_Supplied data_.
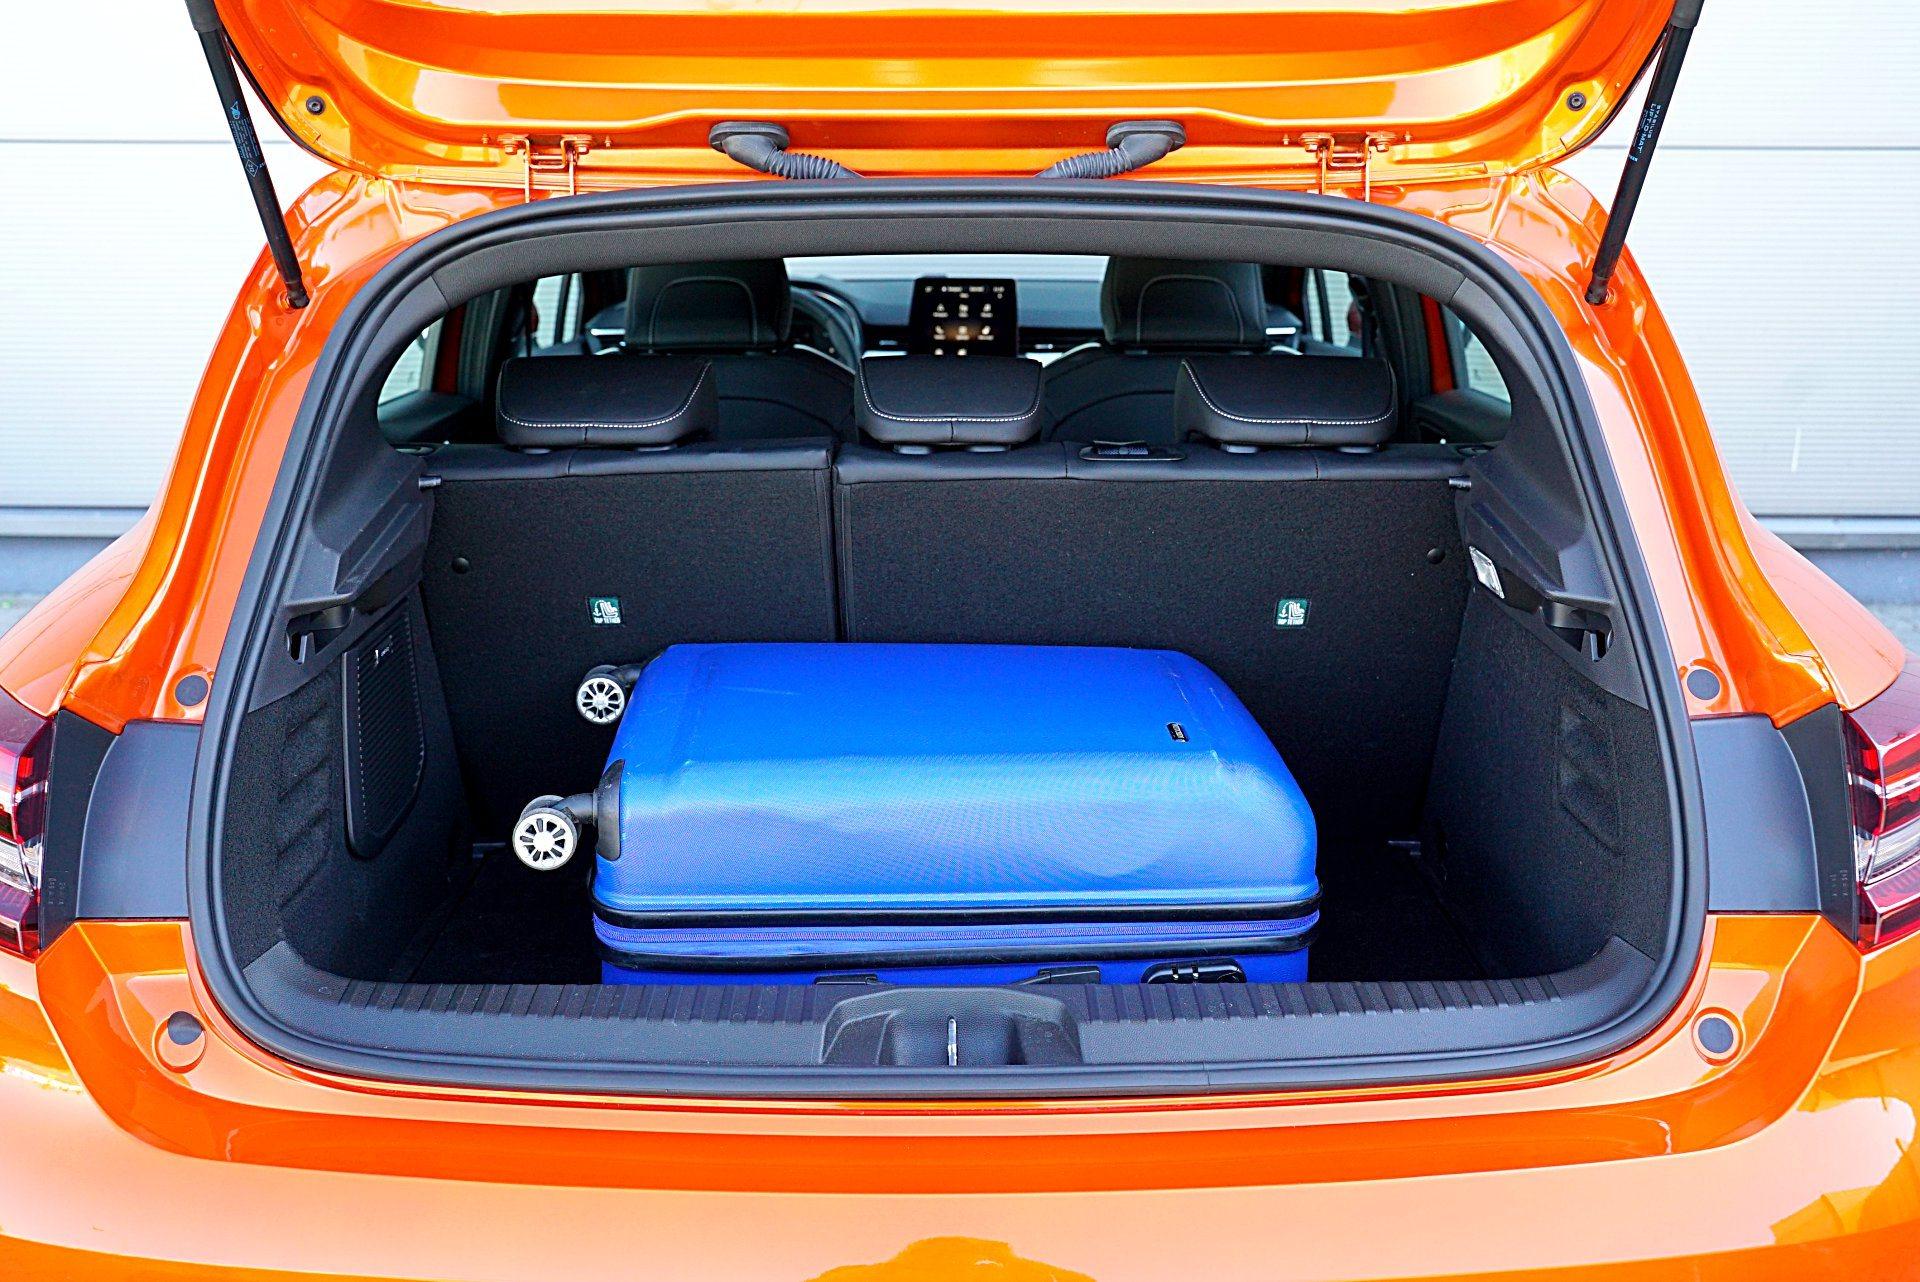 RENAULT Clio V Intens 1.0TCe 100KM bagażnik
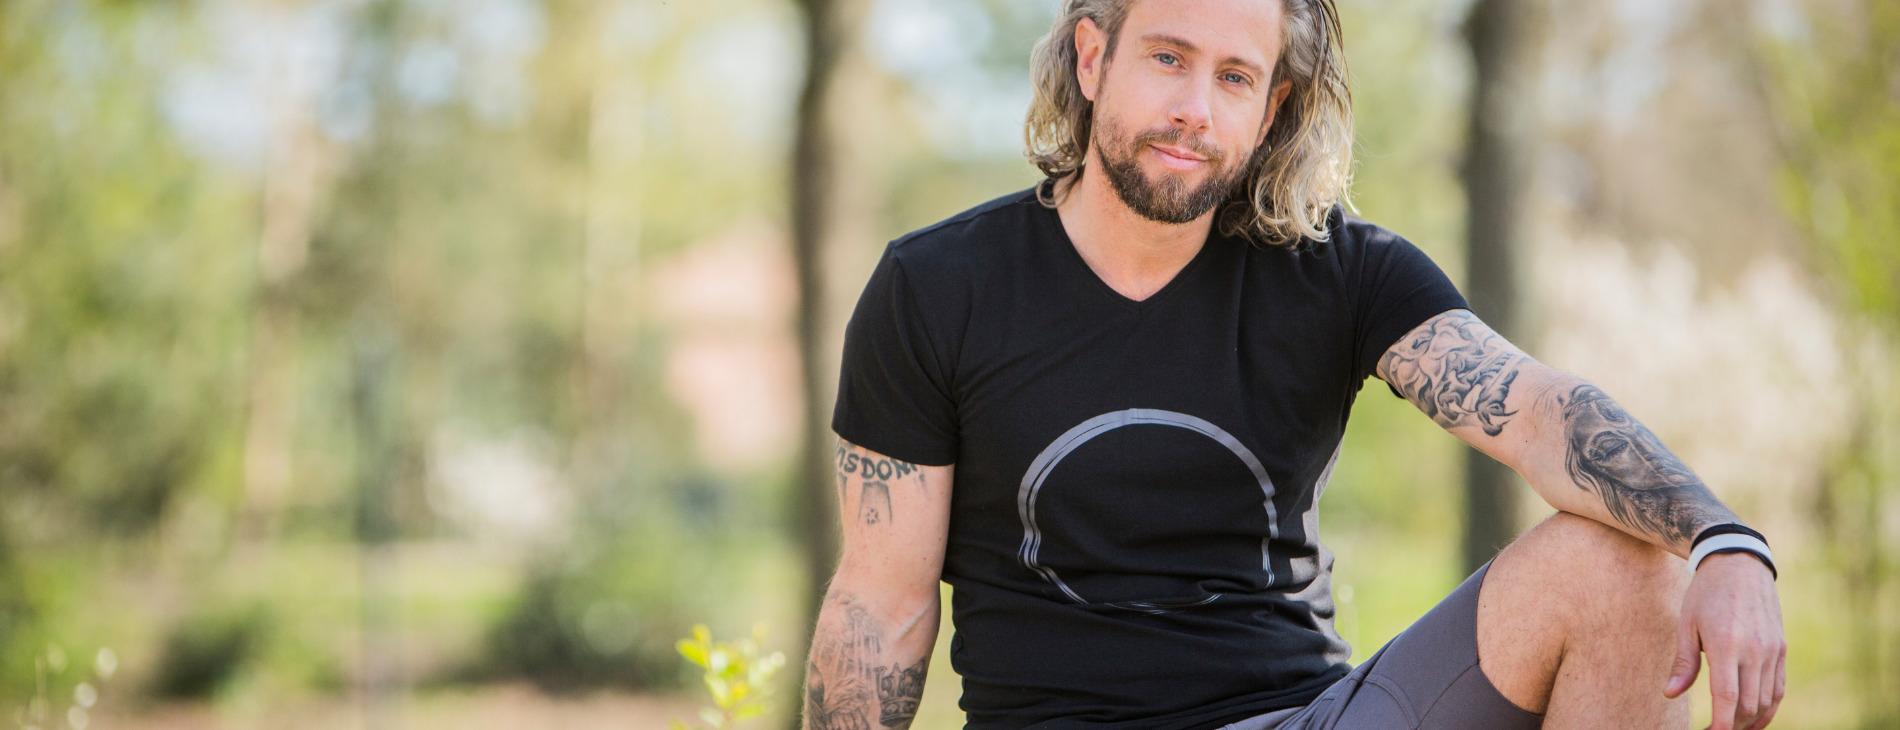 Renegade Guru - Sustainable Yoga & Active Wear - Homepage Banner
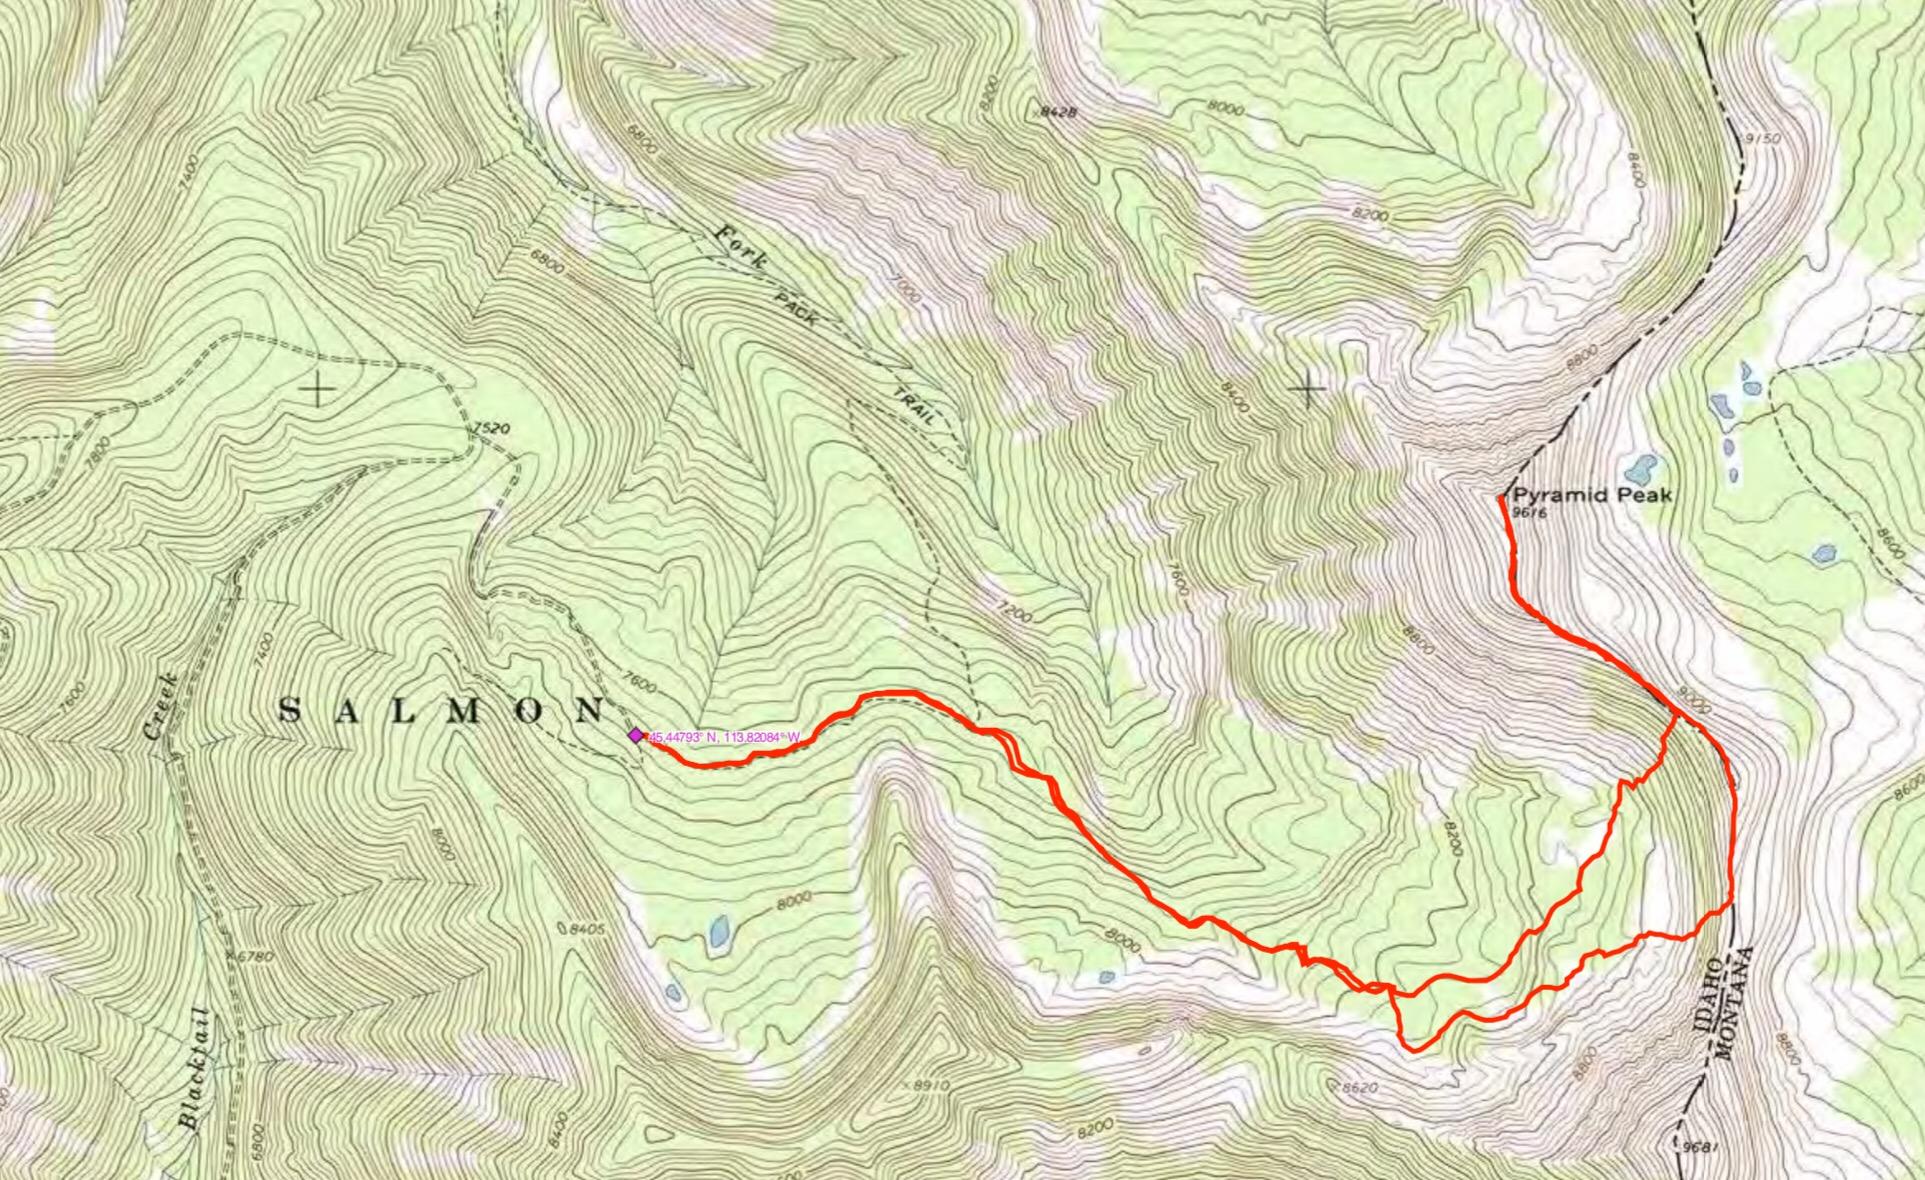 John Platt's GPS track. John measured the route as 7.5 miles with 2,335 feet of gain round trip.

_Required action_. Set down again, exactly, the lines from the one with "Renegade Guru - Sustainable" to the last line of the data, both included and pictures excluded.

_Completed task_.
 Renegade Guru - Sustainable Yoga & Active Wear - Homepage Banner
 John Platt's GPS track. John measured the route as 7.5 miles with 2,335 feet of gain round trip.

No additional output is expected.